In response to the Liberal Democrats manifesto published 14.04.10‚ Michelle Mitchell‚ Age UK Charity Director‚ said:

“This manifesto clearly shows the Liberal Democrats have got to grips with many of the problems people in later life experience with innovative and thoughtful policies.

“But this positive work is undermined by the party’s failure to provide any concrete proposals on how they will tackle social care – the biggest social policy issue for the next parliament. 

“Creating an Independent Commission without a clear statement on policy direction will do little more than delay facing up to the challenge of fixing the crumbling care system. The only firm proposal on the table is to scrap the Personal Care at Home Bill‚ but it’s not clear what will replace it. This is a missed opportunity when older voters say social care is one of their top concerns.

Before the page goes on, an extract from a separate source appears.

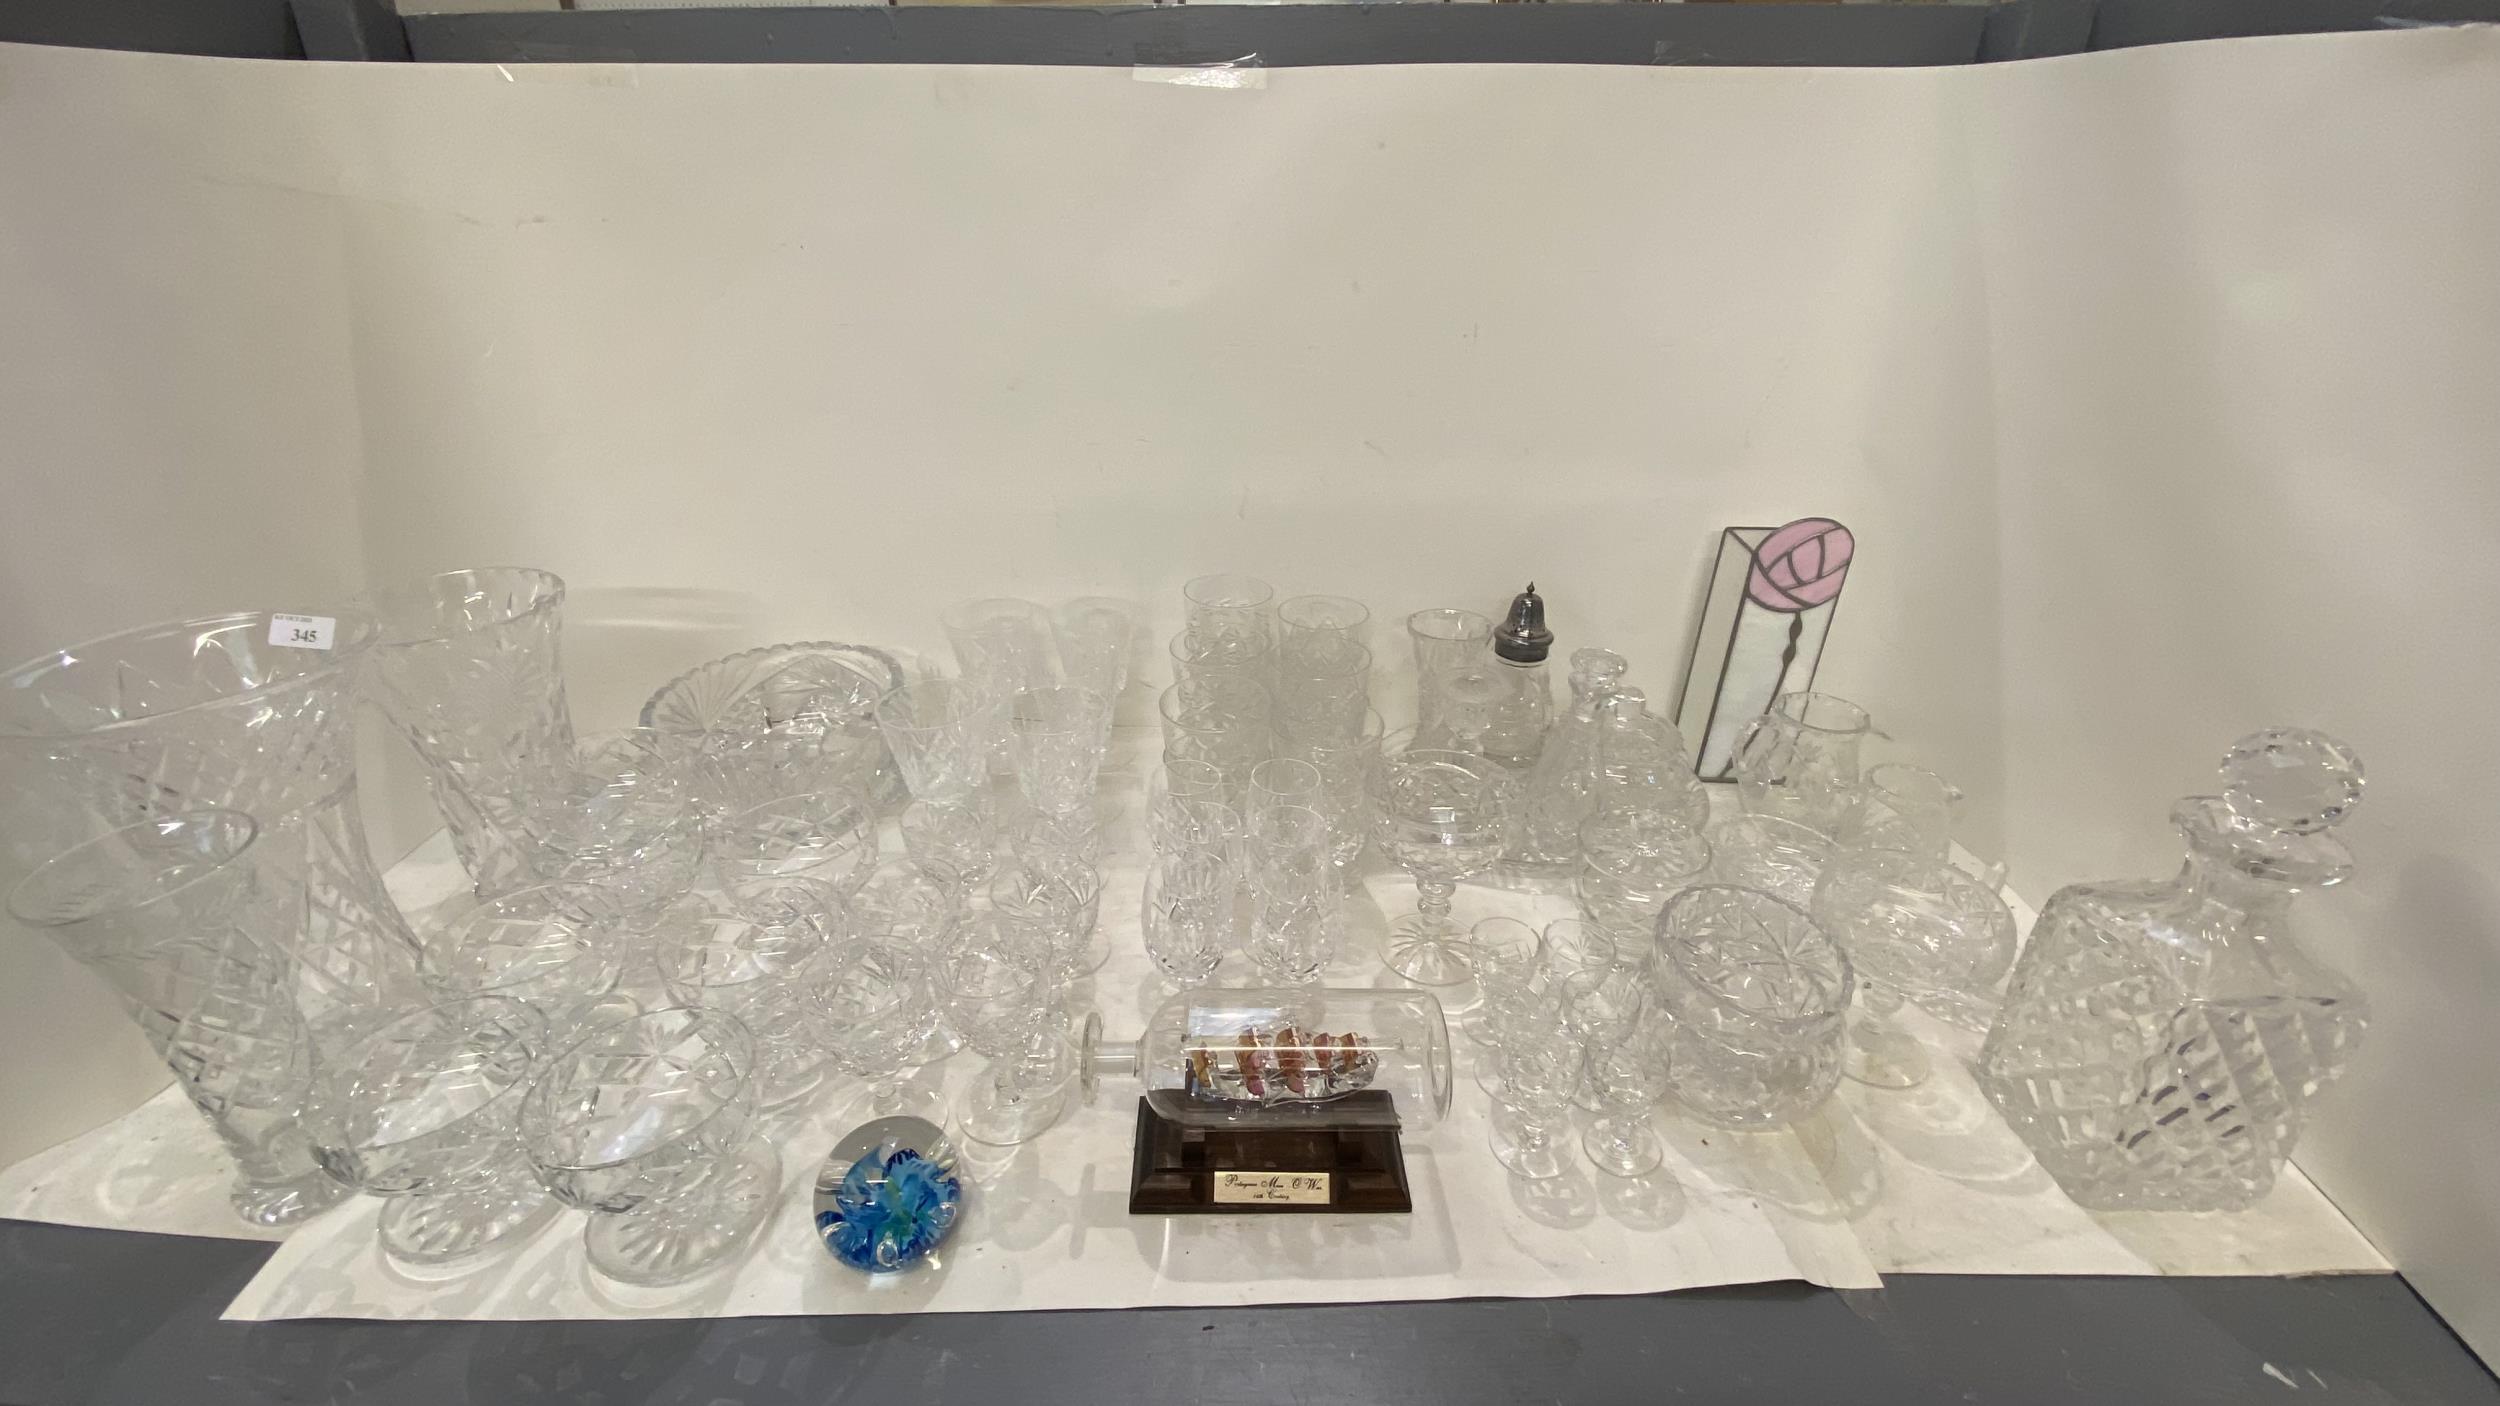 Large qty of glass wear including decanters, vases, wine glassed, tumblers etc.

“The Liberal Democrats today scored 6 out of 18 for progress against the key priorities outlined in Age UK’s election manifesto.” 

What are the key commitments to older people the Liberal Democrats have made in their manifesto? 

In response to the following commitments‚ Michelle Mitchell said:


“The Liberal Democrats have shown real commitment to people in later life by proposing to scrap the Default Retirement Age immediately. Yet they have failed to back up this strong move with a clear strategy on increasing employment opportunities for older workers and getting unemployed over 50s back to work.”

Raising pensions and the income tax threshold

“We whole-heartedly welcome the pledge to immediately re-link basic state pension with earnings – with a guaranteed minimum up-rating of 2.5 per cent – and increase it to the level of Pension Credit over time.

“While the majority of pensioners already have incomes too low to be taxed‚ raising the income tax allowance will be welcomed by older tax payers on modest incomes.

“The manifesto also puts forward proposals to reform pension tax relief. We support the need for reform to provide a fairer system with better incentives to save for those on low and modest incomes.”

Fuel poverty

“Tackling fuel poverty requires a multi-pronged approach and the package of measures put forward by the Liberal Democrats is a step in the right direction.

“The combination of loans for home improvement paid off through savings on fuel bills‚ lower costs for the first units of energy used and a system of social tariffs available to those on lower incomes could potentially benefit many older households in fuel poverty.

“The extension of Winter Fuel Payments to people with severe disability will be welcome by many‚ but the new eligibility criteria will penalise those people aged 60 to 64 who fail to claim Pension Credit or just miss out on it.”